━━ Available data ━━

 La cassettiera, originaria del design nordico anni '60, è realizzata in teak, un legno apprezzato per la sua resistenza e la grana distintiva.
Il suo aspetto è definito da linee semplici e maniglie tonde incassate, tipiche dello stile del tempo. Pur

━━━
━━ Available data ━━

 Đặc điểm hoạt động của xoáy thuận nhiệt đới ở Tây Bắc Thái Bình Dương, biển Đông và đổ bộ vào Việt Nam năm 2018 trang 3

━━━
━━ Available data ━━

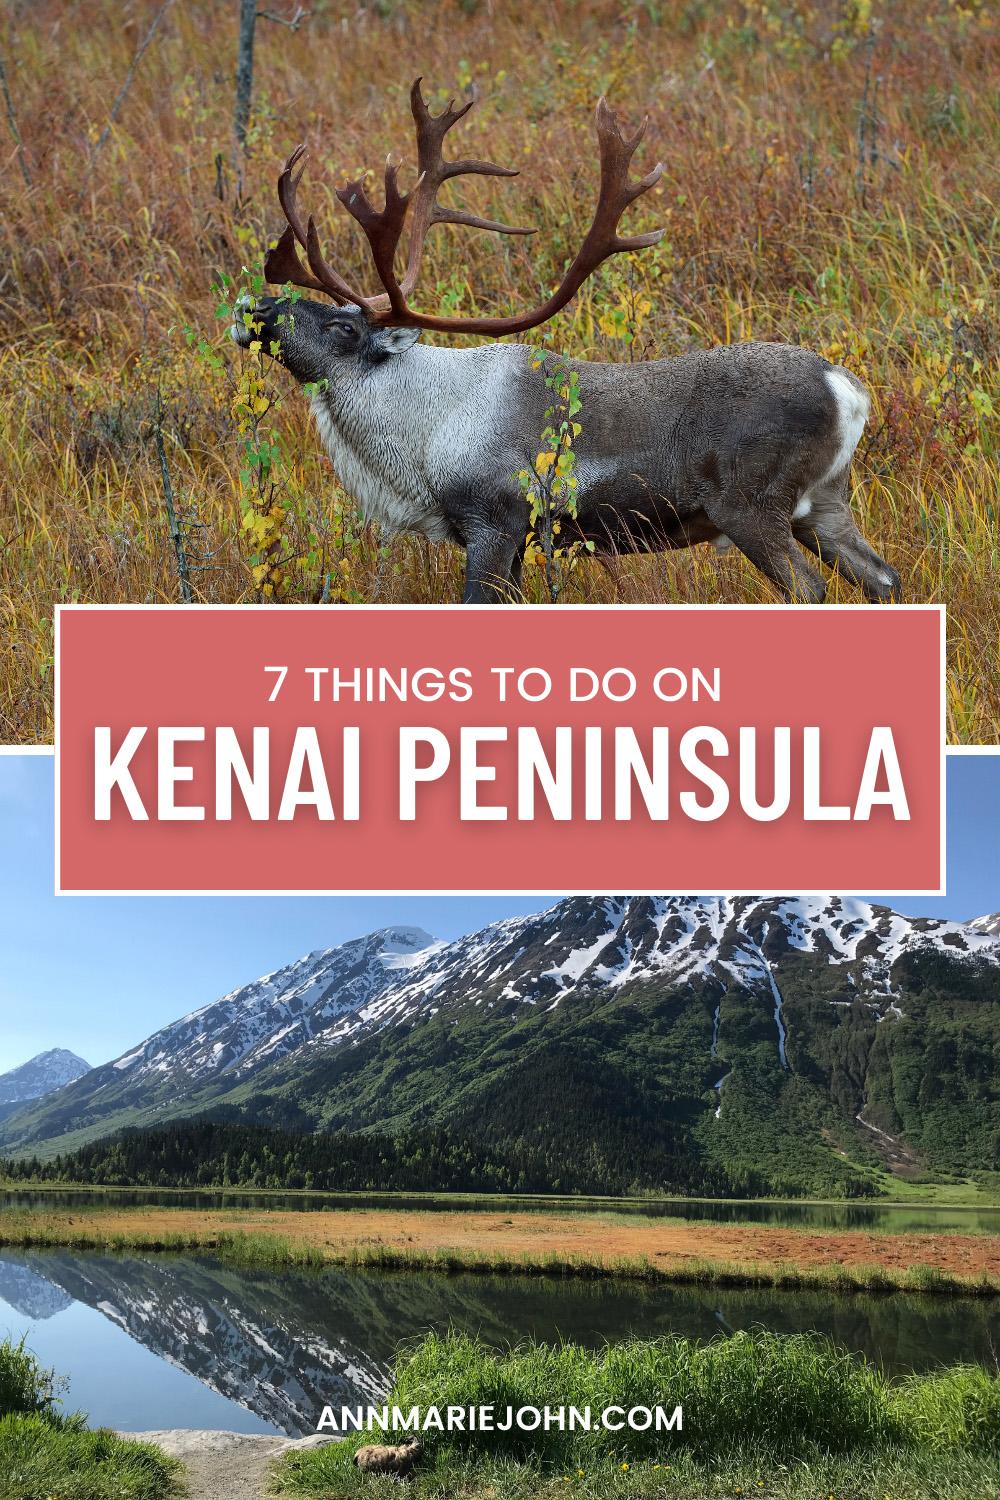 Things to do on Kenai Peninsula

━━━

▶ What the exercise asks
Wherever the line holding "La cassettiera, originaria" falls in the entries above, copy exactly from it through the line holding "Il suo aspetto", inclusive, and add nothing.

▶ Task solution
 La cassettiera, originaria del design nordico anni '60, è realizzata in teak, un legno apprezzato per la sua resistenza e la grana distintiva.
Il suo aspetto è definito da linee semplici e maniglie tonde incassate, tipiche dello stile del tempo. Pur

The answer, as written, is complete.